◆ Directions ◆
Here the job is to copy the data exactly and to exclude every image from it.

◆ Source data ◆
#####

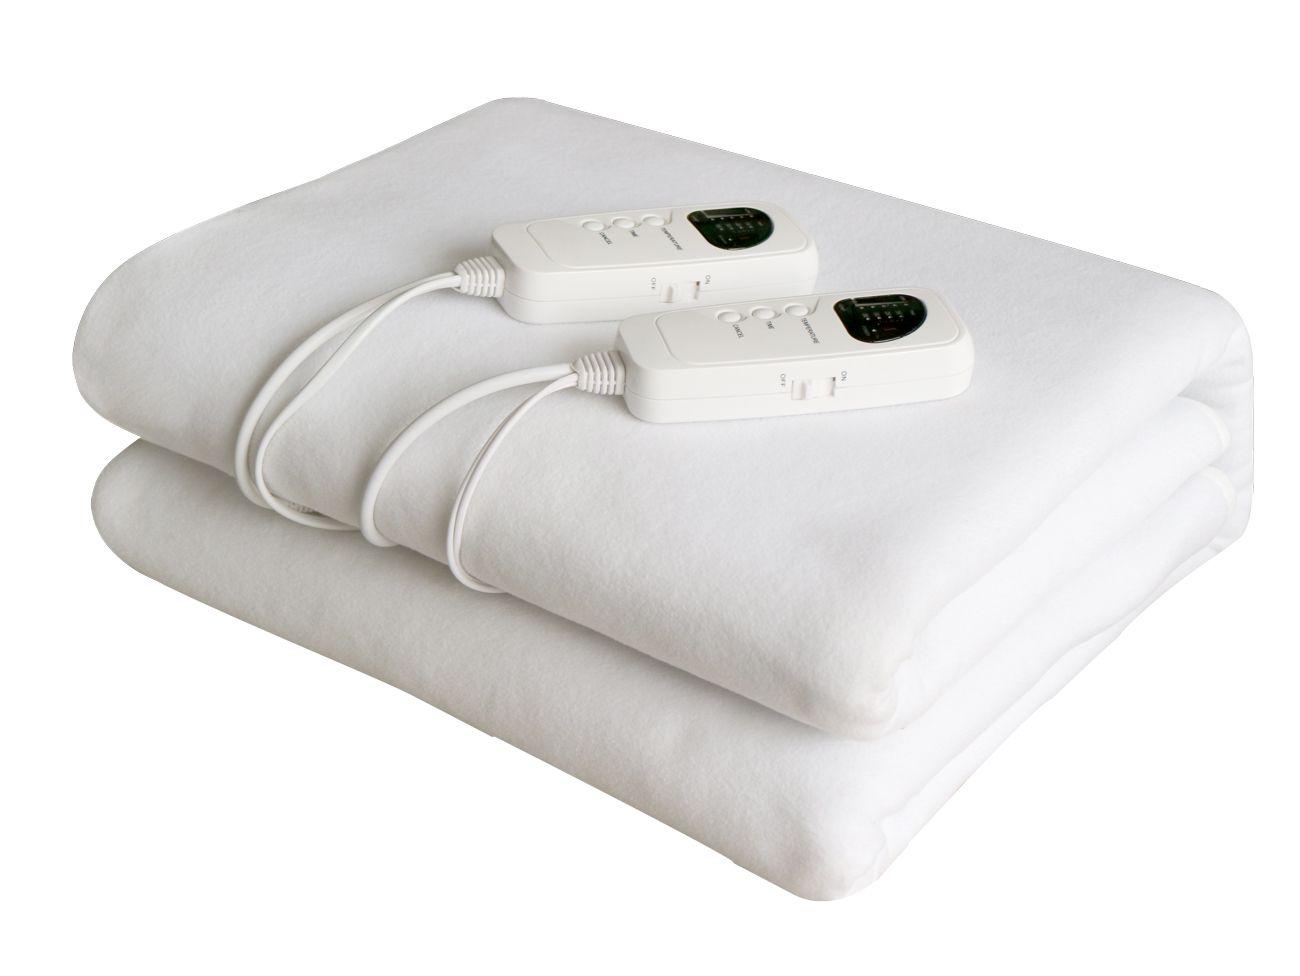 Lençol Térmico Cobertor Elétrico Kenko King Size 193x203cm Luxo Multi Temperaturas   - Kenko Premium Colchões
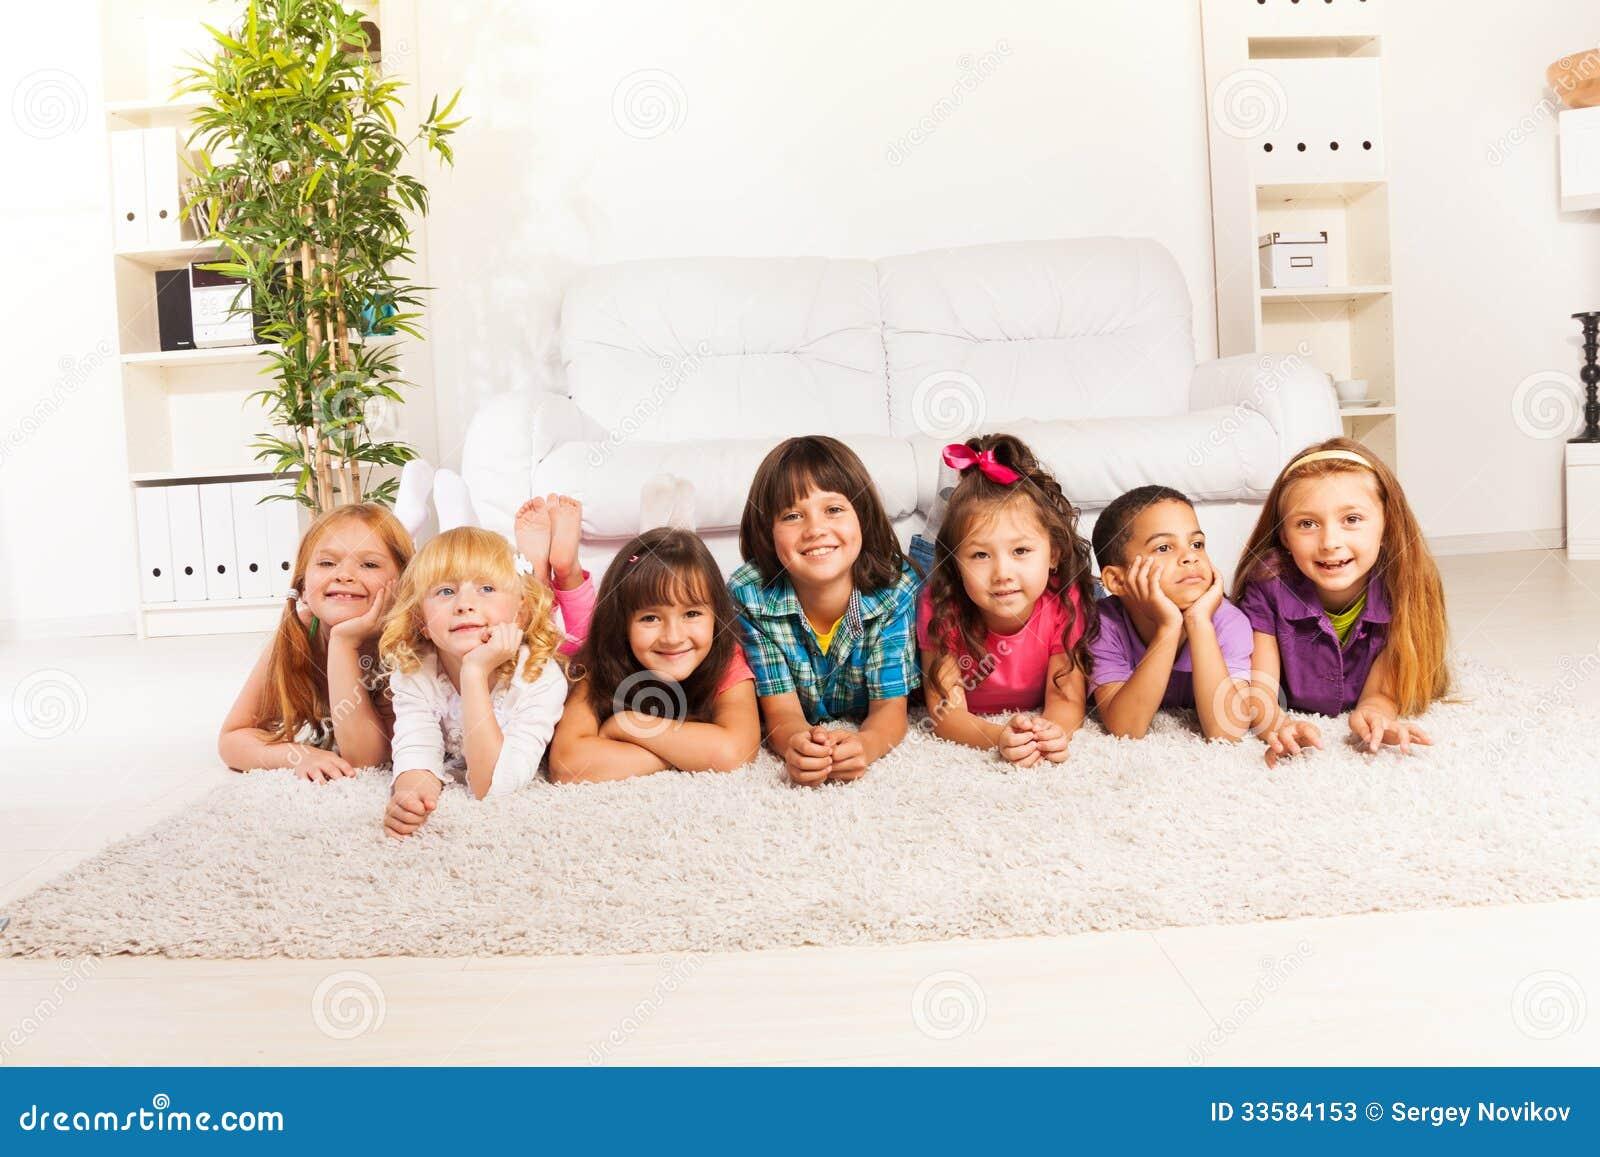 group homes boys girls
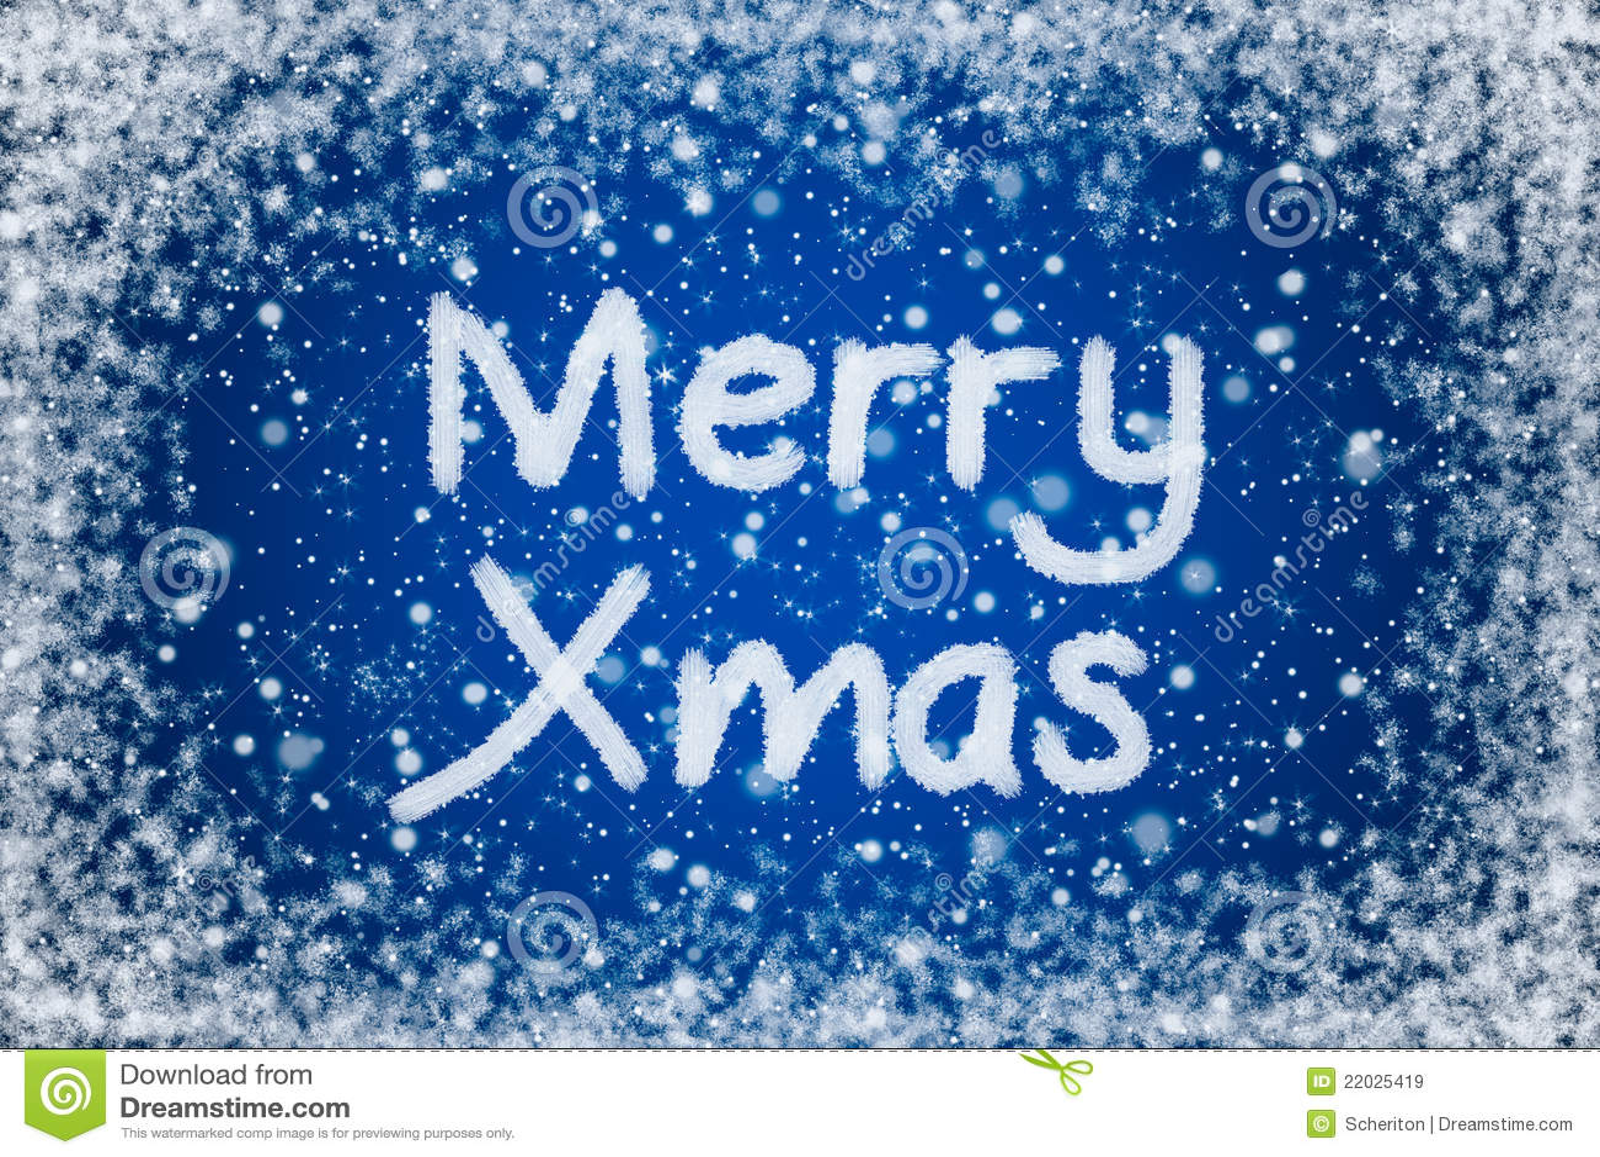 Merry Xmas On Christmas Blue Background Stock Illustration ...

#####

◆ Output for this task ◆
 Lençol Térmico Cobertor Elétrico Kenko King Size 193x203cm Luxo Multi Temperaturas   - Kenko Premium Colchões
 group homes boys girls
 Merry Xmas On Christmas Blue Background Stock Illustration ...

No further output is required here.